▶ _What you are asked to do_
Using the material below, copy every line where "young" appears.

<<<<

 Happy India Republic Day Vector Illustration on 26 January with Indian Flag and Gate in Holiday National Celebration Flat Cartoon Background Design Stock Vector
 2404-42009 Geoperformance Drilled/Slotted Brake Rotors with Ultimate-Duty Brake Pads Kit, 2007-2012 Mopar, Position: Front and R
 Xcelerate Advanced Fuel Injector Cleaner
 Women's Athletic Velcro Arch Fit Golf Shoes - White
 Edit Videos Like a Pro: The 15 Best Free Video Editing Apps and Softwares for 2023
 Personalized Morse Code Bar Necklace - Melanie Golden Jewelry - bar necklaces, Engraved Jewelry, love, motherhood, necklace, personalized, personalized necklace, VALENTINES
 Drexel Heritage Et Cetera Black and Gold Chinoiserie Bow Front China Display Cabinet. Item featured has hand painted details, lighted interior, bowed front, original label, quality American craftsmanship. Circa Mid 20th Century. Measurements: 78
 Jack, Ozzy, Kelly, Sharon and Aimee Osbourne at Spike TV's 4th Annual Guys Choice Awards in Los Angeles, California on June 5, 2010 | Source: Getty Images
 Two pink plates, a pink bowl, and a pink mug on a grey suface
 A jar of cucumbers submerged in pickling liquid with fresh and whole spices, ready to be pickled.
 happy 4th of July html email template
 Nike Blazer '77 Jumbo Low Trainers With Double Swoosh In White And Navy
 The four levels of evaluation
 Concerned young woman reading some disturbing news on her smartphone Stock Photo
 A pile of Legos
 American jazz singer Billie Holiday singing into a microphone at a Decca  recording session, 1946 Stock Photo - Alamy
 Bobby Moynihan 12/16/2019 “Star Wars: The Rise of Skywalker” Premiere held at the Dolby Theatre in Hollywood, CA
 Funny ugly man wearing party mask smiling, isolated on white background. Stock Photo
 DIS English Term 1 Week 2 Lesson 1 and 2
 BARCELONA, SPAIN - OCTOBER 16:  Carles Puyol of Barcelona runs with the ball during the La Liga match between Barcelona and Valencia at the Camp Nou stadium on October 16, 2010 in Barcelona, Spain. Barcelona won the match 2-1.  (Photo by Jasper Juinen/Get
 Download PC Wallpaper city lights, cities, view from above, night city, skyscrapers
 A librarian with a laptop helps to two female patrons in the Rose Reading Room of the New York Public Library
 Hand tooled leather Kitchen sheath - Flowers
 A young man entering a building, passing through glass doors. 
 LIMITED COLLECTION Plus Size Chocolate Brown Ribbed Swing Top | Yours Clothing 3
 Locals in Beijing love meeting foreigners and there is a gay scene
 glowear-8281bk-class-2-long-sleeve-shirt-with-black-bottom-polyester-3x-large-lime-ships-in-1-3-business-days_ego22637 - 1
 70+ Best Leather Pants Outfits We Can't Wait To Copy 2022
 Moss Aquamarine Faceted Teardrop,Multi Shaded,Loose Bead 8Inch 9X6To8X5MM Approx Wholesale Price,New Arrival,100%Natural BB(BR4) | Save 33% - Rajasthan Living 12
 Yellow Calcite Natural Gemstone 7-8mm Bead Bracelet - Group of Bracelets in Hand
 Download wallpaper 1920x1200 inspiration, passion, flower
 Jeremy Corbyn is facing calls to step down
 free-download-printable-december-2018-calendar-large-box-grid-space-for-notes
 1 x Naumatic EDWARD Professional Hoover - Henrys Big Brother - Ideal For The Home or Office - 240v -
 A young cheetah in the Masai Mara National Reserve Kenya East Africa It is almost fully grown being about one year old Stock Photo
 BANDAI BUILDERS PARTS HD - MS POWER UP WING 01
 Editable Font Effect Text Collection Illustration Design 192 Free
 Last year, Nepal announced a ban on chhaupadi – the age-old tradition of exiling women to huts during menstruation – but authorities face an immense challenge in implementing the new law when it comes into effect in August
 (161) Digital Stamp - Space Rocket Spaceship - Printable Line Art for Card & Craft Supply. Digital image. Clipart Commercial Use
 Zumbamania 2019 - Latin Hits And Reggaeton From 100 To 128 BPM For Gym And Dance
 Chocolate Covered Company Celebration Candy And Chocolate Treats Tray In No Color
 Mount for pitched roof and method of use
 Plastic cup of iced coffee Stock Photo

>>>>

▶ _Response to this exercise_
 Concerned young woman reading some disturbing news on her smartphone Stock Photo
 A young man entering a building, passing through glass doors. 
 A young cheetah in the Masai Mara National Reserve Kenya East Africa It is almost fully grown being about one year old Stock Photo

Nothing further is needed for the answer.